Anyway, I was thinking about testing in loosly-typed languages, and how at the last company I worked for, where I only wrote in loosly-typed languages (Perl), that having tests written for our software was not only a Good Thing, but a necessity. There were many, many problems we caught via tests that we would not have caught until they bit us in a production environment.
However, most of C++ and Java code I've seen recently doesn't have any tests, nor with the complexity of the system could you test everything. Even without testing, the software runs, perhaps better then I expected. Although high quality software has been written without tests, so having tests is not a requirement for high-quality software, but that's not the point...
The point is more a comparison between strongly-typed an loosely-typed languages. In strong typing, the compiler does a lot of the checking work for you, even though in languages like C++ and Java, you have to be explicit about the type (which I find revulting, personally), so many of the tests you might write are already covered by the compiler.

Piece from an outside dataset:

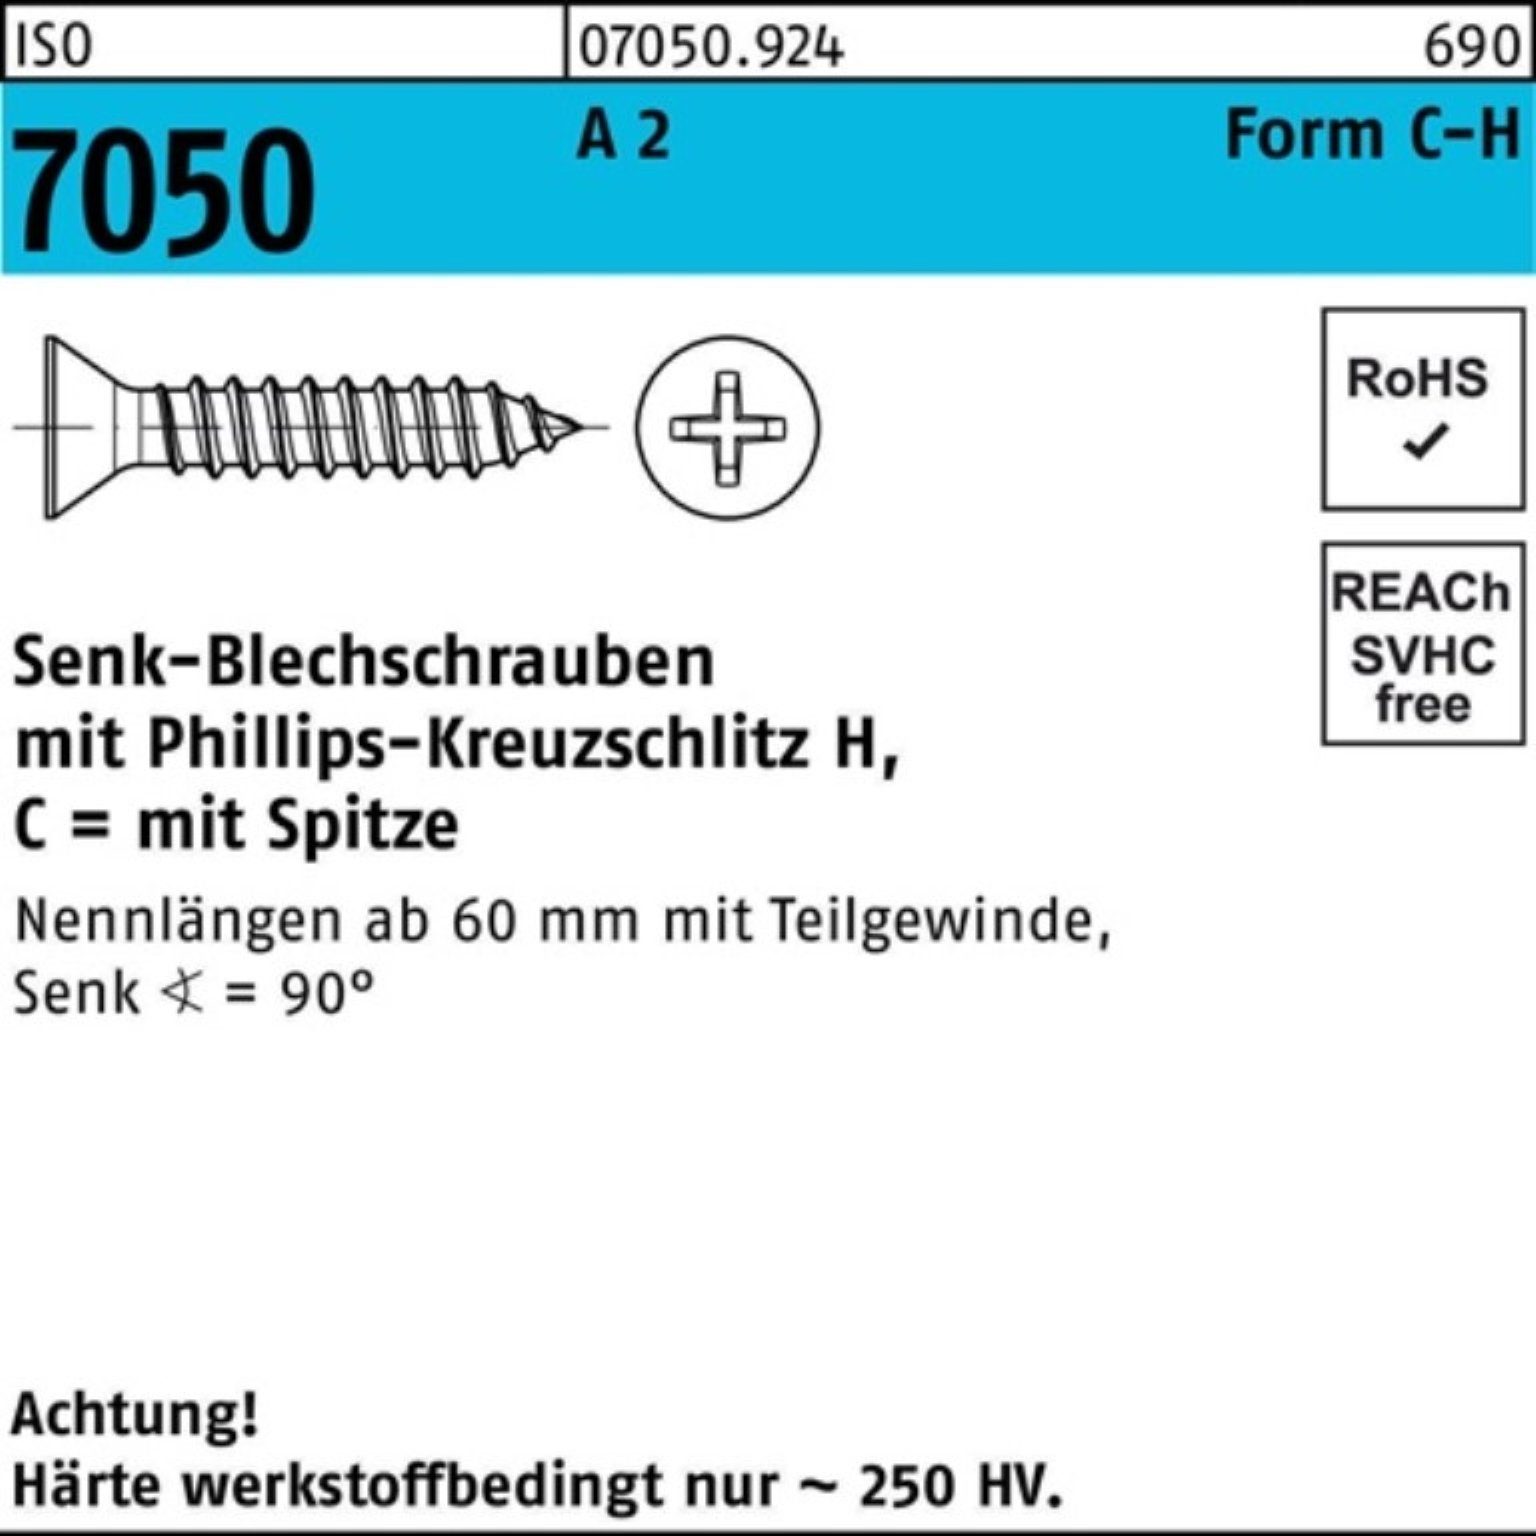 4,2x 500 Spitze/PH -C-H SEKO 38 Blechschraube Blechschraube A Reyher Pack 2 7050 500er ISO

In comparison, with Perl, you won't find out if you can call a method until run-time. This forces you to create tests that confirm that your code, can indeed, call the methods you want to call, on the objects you want to call them on.
So, in effect, part of your test suite becomes a simple-compiler, checking for certain things that strongly-typed languages have already checked. This poses a strange question, are you coders writing tests, or fixing a "broken" compiler? Is the compiler that broken to begin with?